Modular exponentiation confusion

Question

So I was having trouble with the following three problems but I think my problem in all three is the same:

a) Compute $323^{4097} \bmod 10$

b) Compute $22^{362} \bmod 12$

c) Compute $134^{121} \bmod 11$

So for a) I get that we have to set it to 3^4097 $mod 10$ But I'm not sure about the steps after that. I see that we split the exponent into $3$ * $(3^4)$^1024 but then I don't understand how the $3^4$ becomes a $1$, and therefore leaving $3$ as the final answer.

For b), once again, I understand how it is set to 10^362 $mod 12$ but then I don't understand the procedure afterwards.

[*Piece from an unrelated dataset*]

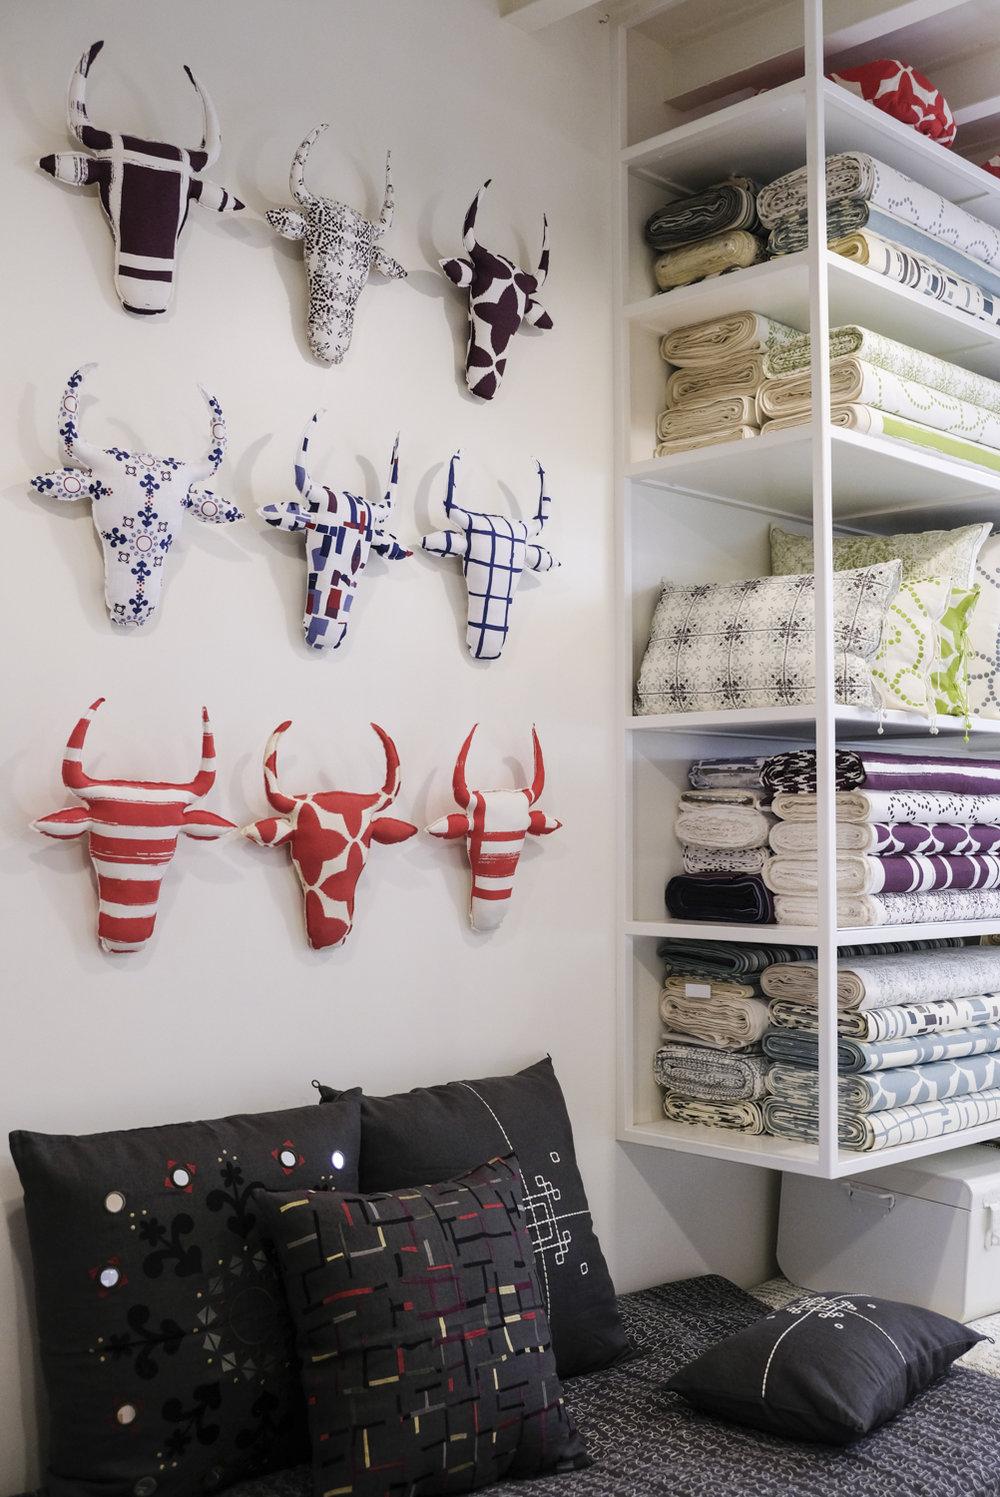 No-Mad fabric shop -5310.jpg

It made sense before because the exponent was odd and could, therefore, be split up but I am not sure how that would work here.

For c), I understand how it becomes 2^121 $mod 11$ but then I do not understand how to proceed further because the exponent $121$ is divisible by $11$ so it can not be split up.

Any help?

Answer 1

For a: 3^4=81 which is congruent to 1 modulo 10. You usually look for a small power which simplifies you problem. For example, at c: 2^5=16 which is 3 modulo 11.

Answer 2

Use Euler's theorem: for any number $a$ prime to $n$, $a^{\varphi(n)}\equiv 1\mod n$, where $\varphi$ denotes Euler's totient function, hence $$a^r\equiv(a\bmod n)^{r\bmod\varphi(n)}\mod n.$$ Thus, in question $b)$ $\varphi(12)=4$, $22\equiv -2\mod 12$, and $$22^{362}\equiv (-2)^{2}=4\mod 12.$$

Answer 3

For c, $2^{121}=2\cdot (2^{12})^{10}$ and $(2^{12})^{10} \cong 1 \pmod{11}$ by Euler's theorem... so we get $2$...